As a result, consumers find themselves facing heightened uncertainty around job security and increased demands on their already strained disposable income.
Consumers are responding in diverse ways, with behavioural changes reflecting a new set of priorities across the lending landscape. Lenders are also responding with a clear shift towards short-term, revolving and micro loans to address immediate cost of living expenses.
Credit is critical to consumer wellbeing and financial inclusion. By accessing credit products and services, consumers are empowered to manage their daily, and often unforeseen financial needs. Financial inclusion allows economic advancement and upward mobility opportunities for consumers looking to buy their first vehicle, first home or to fund higher education. Smaller loans are becoming increasingly popular as consumers look to cover the cost of recurring expenses like utility bills, various taxes, and everyday living expenses and services.
Credit awareness, education and access allows consumers to build and improve their credit profiles and remain actively engaged in the credit system.
The key to enabling financial inclusion for underserved consumers across developed and developing markets alike lies in a better understanding of their specific behaviours and needs. Until recently, there was little available alternative, non-credit-based data though that could be used as a verifiable source of insight into the historic and predictive financial behaviours of the underserved and underbanked.
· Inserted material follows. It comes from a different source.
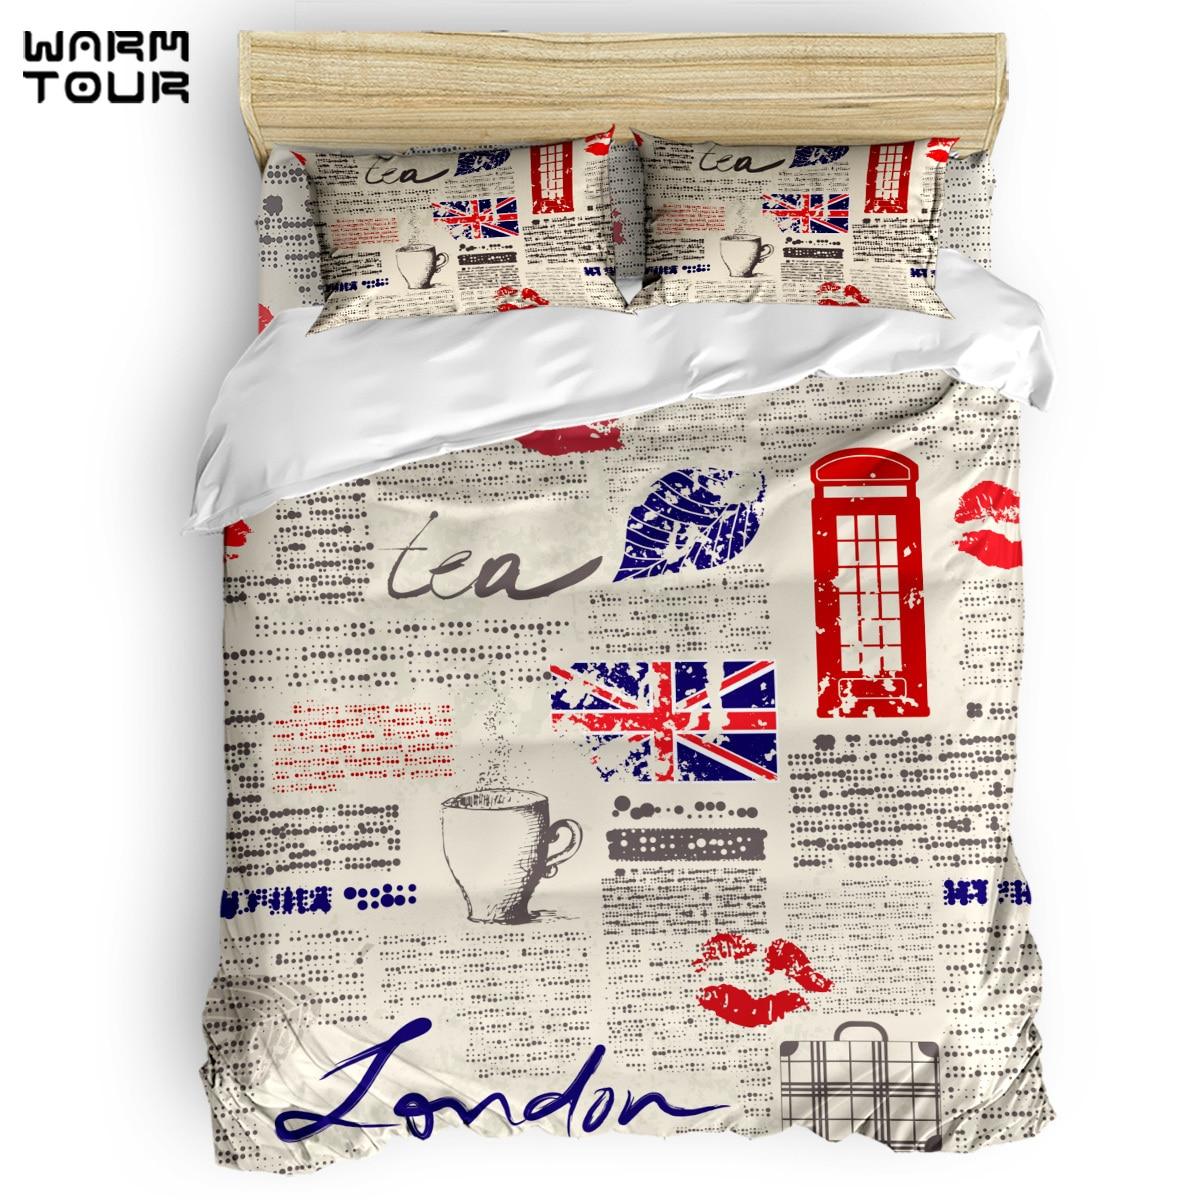 WARMTOUR  Duvet Cover  London Newspaper Duvet Cover Set  4 Piece Bedding Set For Beds DHL Shipping Methods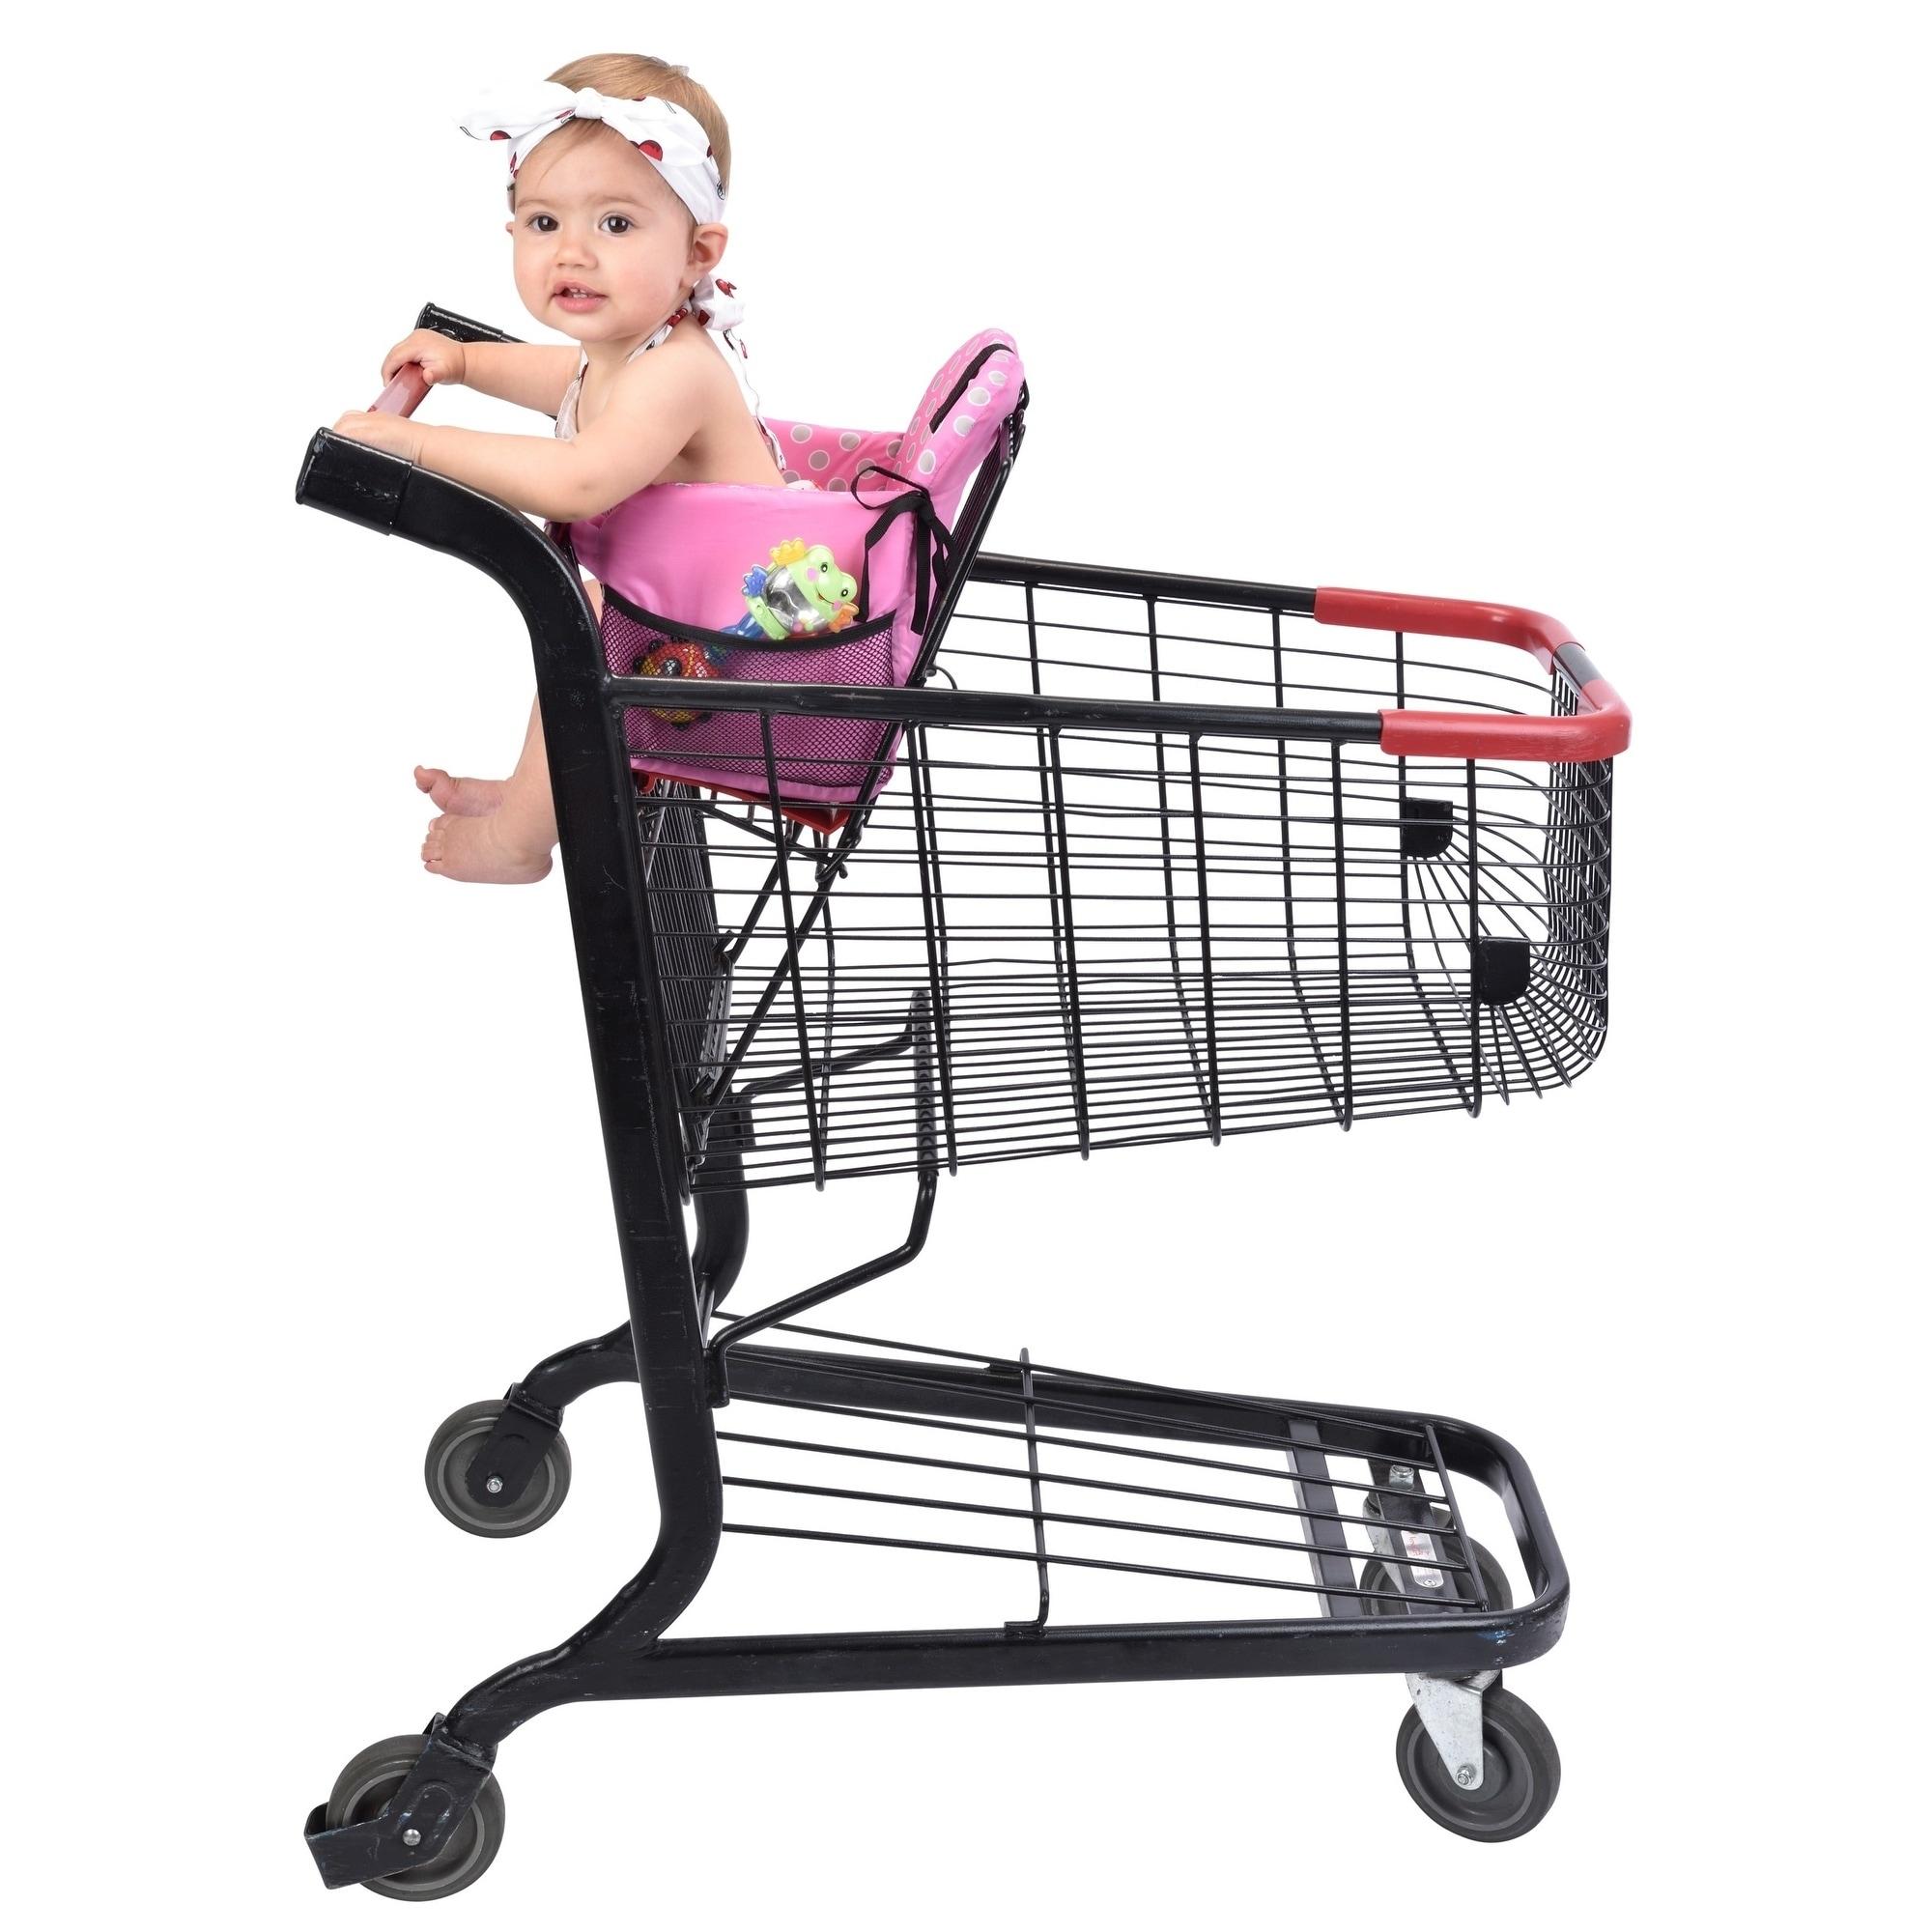 Incredible 4 24 Months Universal Fit Ziggy Momogo Baby Shopping Cart Spiritservingveterans Wood Chair Design Ideas Spiritservingveteransorg

Alternative data is the key to unlocking several of the challenges facing the multitude of financial sectors across the African continent. By accessing a larger pool of consumer data, institutions will be able to bring underserved people into the financial mainstream, grow their books, and reduce non-performing loans through better risk management and predictions.
Data-driven lending and decision-making is essential to the success of any modern financial institution. It is vital that the credit market starts considering these alternative sources of data to make more informed risk decisions.
Consumers are leaving clues to their behaviour all over, and lenders must find, and use, that data, which is the foundation of future consumer credit – but the financial services sector must seize the opportunities it offers now.